Privacy and static asset hosting

grumpy-podmin · May 12, 2018, 2:42pm

I use Amazon S3 for static asset hosting. Ultimately that’s using fog-aws. I did a quick experiment. I made a fairly private post. It is shared with an aspect that has only one other user in it. (post is here: https://a.grumpy.world/posts/13996). I’m fairly confident that nobody can see the text in that post except the one user I shared it with. However, there is an image in that post. Through the magic of S3 static asset hosting, that image has been copied to here: (https://a-grumpy-world.s3.amazonaws.com/uploads/images/scaled_full_8dded91b832f939318cf.jpeg).

I want to use S3 because (a) I don’t want to preallocate storage (the hard drive on my instance will never fill up from user uploads) and (b) I want all the benefits of CDN and caching and all that stuff.

This result, though, is completely contrary to the privacy expectations of my users. They assume that if they post an image on a privately shared message, the image will have the same protections as the text. Unless I’ve misconfigured something in how I do S3 asset hosting, that is totally not happening. All images users post on my pod are given public URLs, no matter what aspects I selected on the post itself. A bad person can’t guess at the URL of the images. But if someone who has access to the post shares the URL of the image in the post, then that URL of the image is publicly accessible. It will work for anyone and everyone, They don’t even have to be part of the federation at all.

This makes CDNs for static asset hosting problematic, and I wonder if any of the static asset offload techniques have any different security semantics posted images. S3 offers security mechanisms. It offers a “presigned” URL that has a short expiration, like 5 seconds, but that would have to be coded down in fog, and then exposed somehow to Diaspora, which would have to be programmed to use it.

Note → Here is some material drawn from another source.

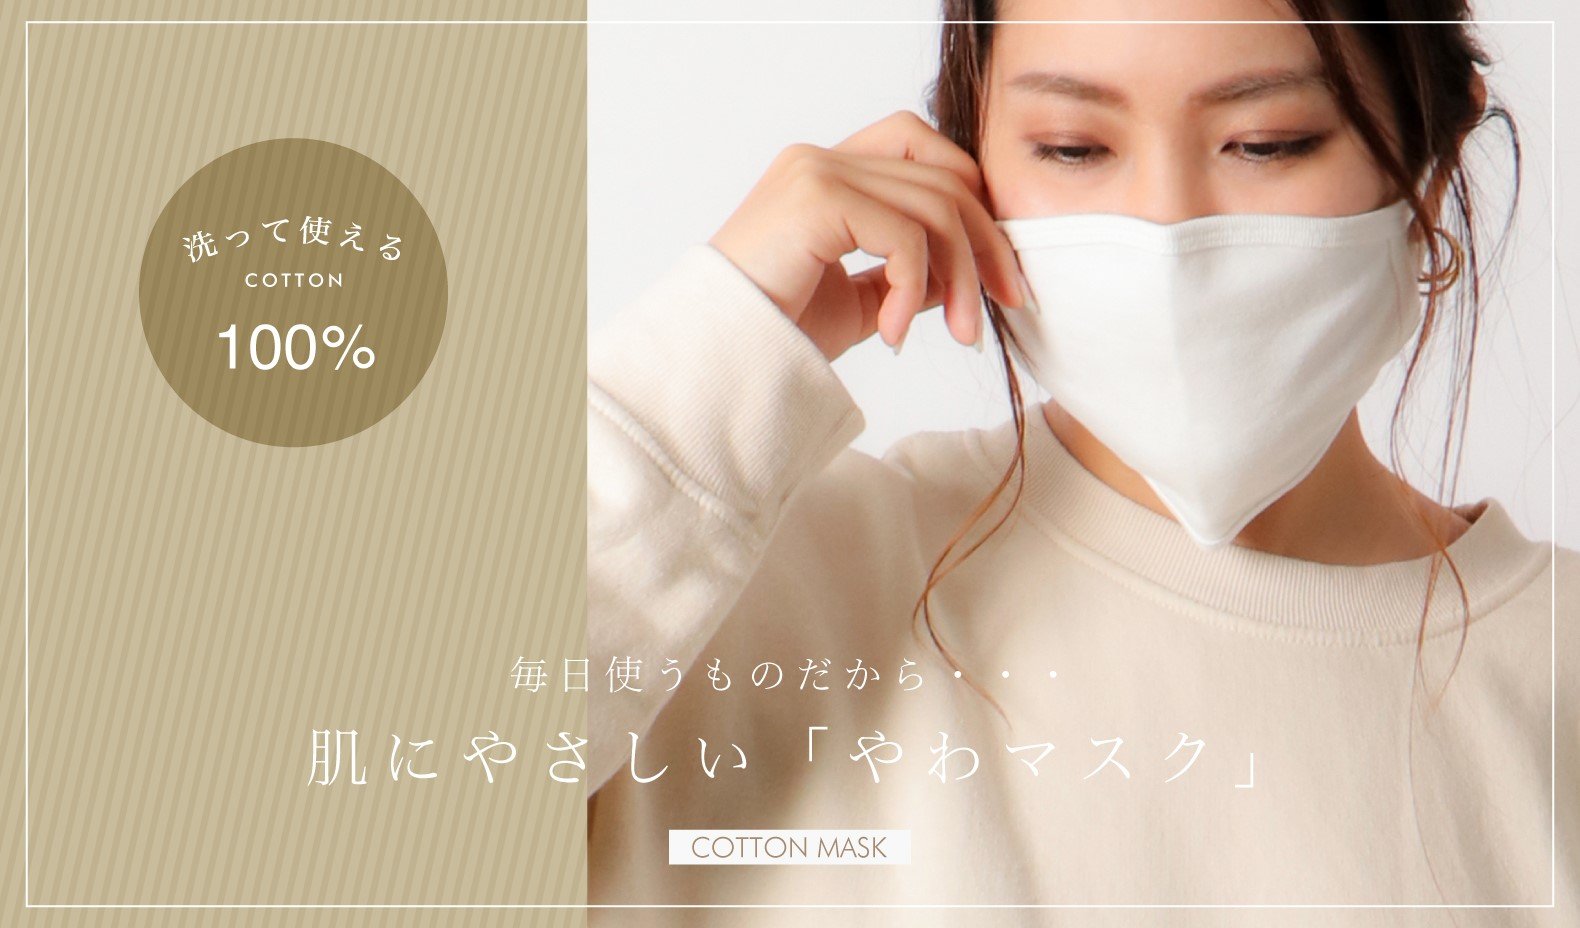 イオングループのコックス 洗える布マスク やわマスク を発売 4月下旬から発送 Itmedia ビジネスオンライン

Diaspora is only enforcing permissions on requests that it serves itself. That makes intuitive sense, but the privacy implications of offloading uploaded assets to a CDN are not obvious at all.

supertux88 · May 12, 2018, 9:04pm

We can’t protect the users from themselves. When somebody copy-pastes an URL to an image to somebody who shouldn’t see it, there is nothing diaspora can do about it. It’s the same as when a user copy-pastes (or screenshot) a private post and sends it to somebody who shouldn’t see it.

Images aren’t federated (only the URLs are), they stay on your pod unless you activate the s3 feature. When the URL we federate only works 5 seconds that wouldn’t work, because the user on the other post maybe only sees the post two days later and the image should still be visible then.

grumpy-podmin · May 13, 2018, 9:46am

No, those things are not the same. One involves access control on the original content (something that is possible, though perhaps not done now) and the second is making an additional copy and then sharing it. It is obviously not possible to stop/regulate additional copies. But the request for the image comes to the pod. It absolutely is possible to apply some level of access control to it. I need to dig deeper into federation and how that works.

The result of all this is that all images assets are public. There’s no access control applied to them. The aspect concept merely regulates which users see an explicit announcement of posts in their timeline.

It isn’t the location of the images that surprises me. It’s the access control. You seem to be suggesting that all images posted to Diaspora get public URLs and there’s no access control at all on the actual image. It’s essentially security through obscurity. As long as only the right people know the URL to the image, only the right people will fetch it.

I see your point. I was too brief. One of the cheap and easy access control mechanisms for S3 is a presigned URL that takes some parameters and has an expiration date. Obviously the expiration can be far greater than 5 seconds. The design is that, just before sending the page to the user, the pod calls an S3 API to get a time-limited URL for the static asset, then it inserts that as the URL for the image into the HTML it returns to the browser.

As I talk this through, I see the problems inherent in any federated design. You’d have to federate an access token of some kind, or you have to have a way for the right people to request one on demand. If you share the access token with the image, it is pointless. If you don’t then there has to be some user-to-pod or pod-to-pod mechanism for requesting access tokens and granting them only to authorised receivers of the image. That is complicated.

I’m disappointed. There’s so little enforcement. It’s just privacy through obscurity. And that obscurity is trivially unmasked.